The program is built around ASME's technical divisions, and IMECE thus serves as the venue at which those divisions hold their annual business and committee meetings. The 2024 congress featured 18 technical tracks and more than 1,900 presentations and posters, with participants representing more than 50 countries. The proceedings of IMECE cover research across all mechanical engineering disciplines, including aerospace, manufacturing, biomedical and biotechnology engineering, dynamics and control, energy, fluids engineering, heat transfer, mechanics of solids, acoustics, micro- and nanosystems, transportation, and emerging technologies; they have been published in the ASME Digital Collection since 2002.

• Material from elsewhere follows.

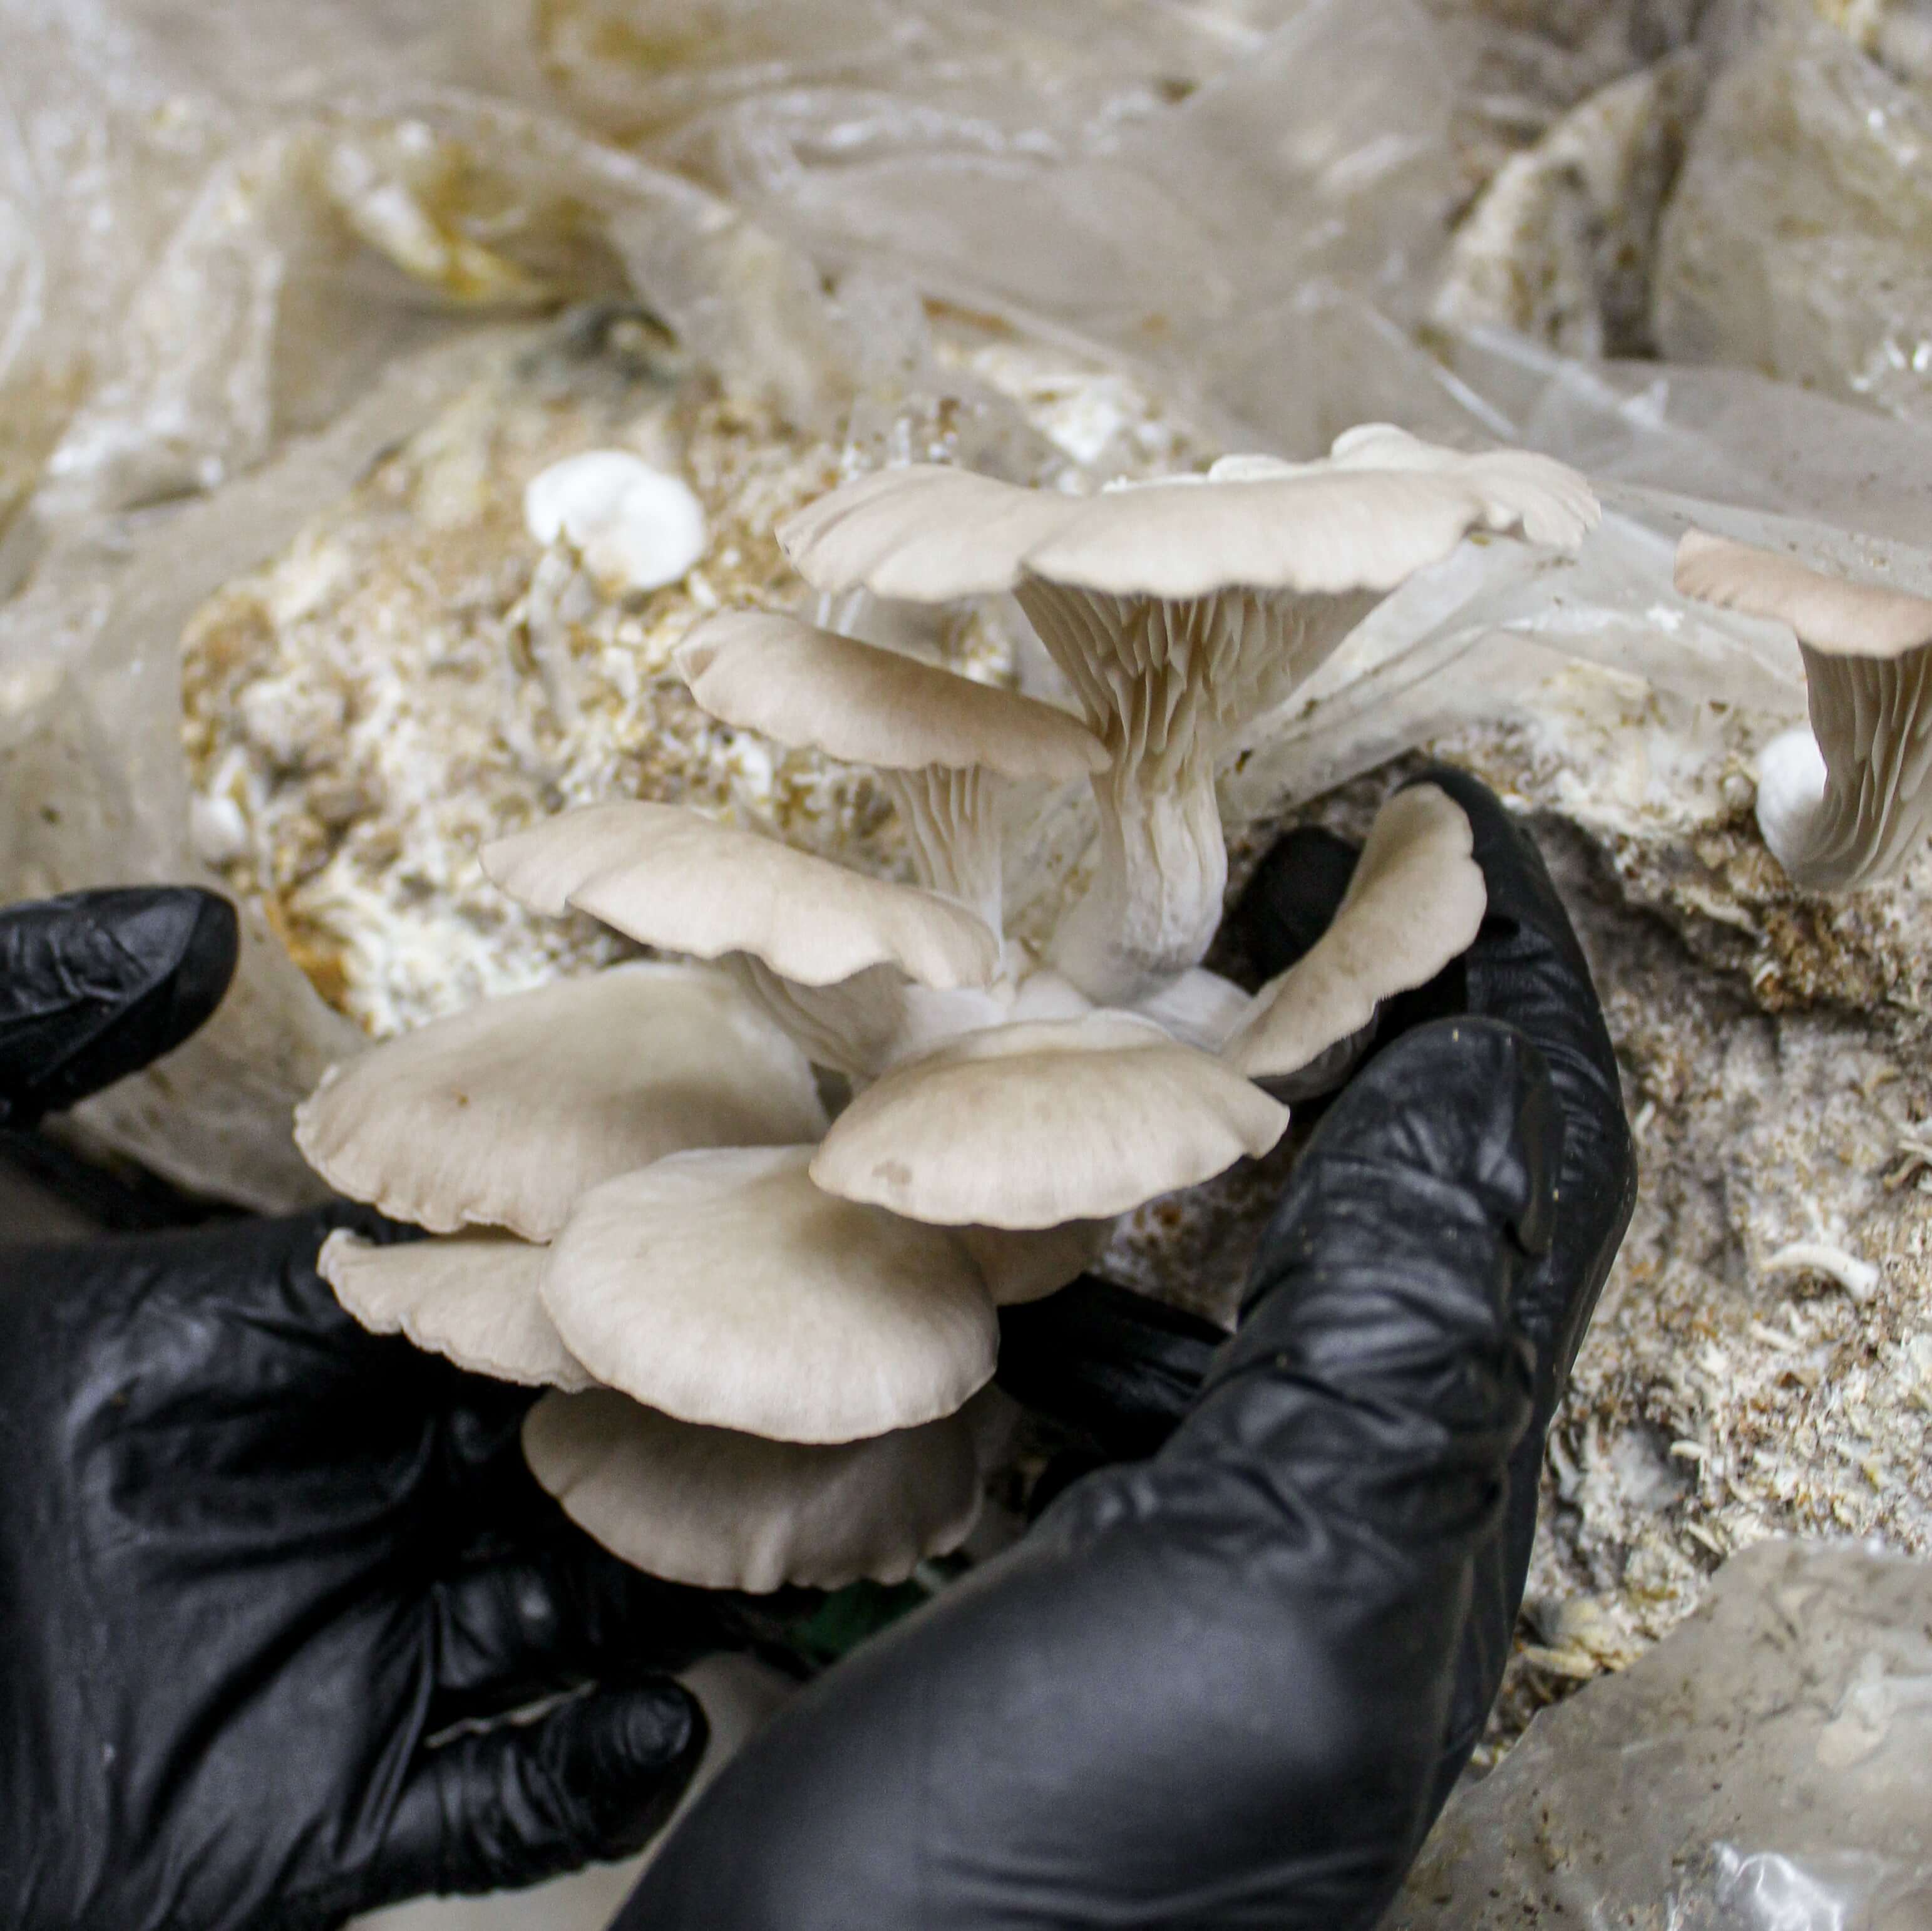 Marie-Anne Oyster Mushroom Growing Kit

== Robert Henry Thurston Lecture ==
IMECE is the setting for the Robert Henry Thurston Lecture, established in 1925 in honor of ASME's first president. The Thurston Lecture is the oldest of ASME's named lectures and is regarded as the oldest named lecture in the field of mechanical engineering; it provides a leading figure in pure or applied science or engineering the opportunity to address the society on a subject of broad interest to engineers. The lecture has been delivered at the society's principal annual meeting since its inception: first the Winter Annual Meeting and, since 1994, IMECE. It was elevated to a society-wide award in 2000.

== History ==
ASME was established in 1880 and developed a winter general meeting that became known as the Winter Annual Meeting, which for decades served as the society's principal gathering for technical presentations. In 1994 the society rebranded this meeting as the International Mechanical Engineering Congress and Exposition, beginning with the congress held in Chicago on November 6-11, 1994. Over the following decades IMECE was held in major U.S. cities and, periodically, in Canada:Vancouver in 2010 and 2026, and Montreal in 2014. The 2020 and 2021 editions were held as virtual conferences during the COVID-19 pandemic. In September 2025, ASME launched a regional edition, IMECE India.

== Host cities ==
The table below lists the host cities of IMECE since the conference adopted its current name in 1994. The 2020 and 2021 editions were held virtually.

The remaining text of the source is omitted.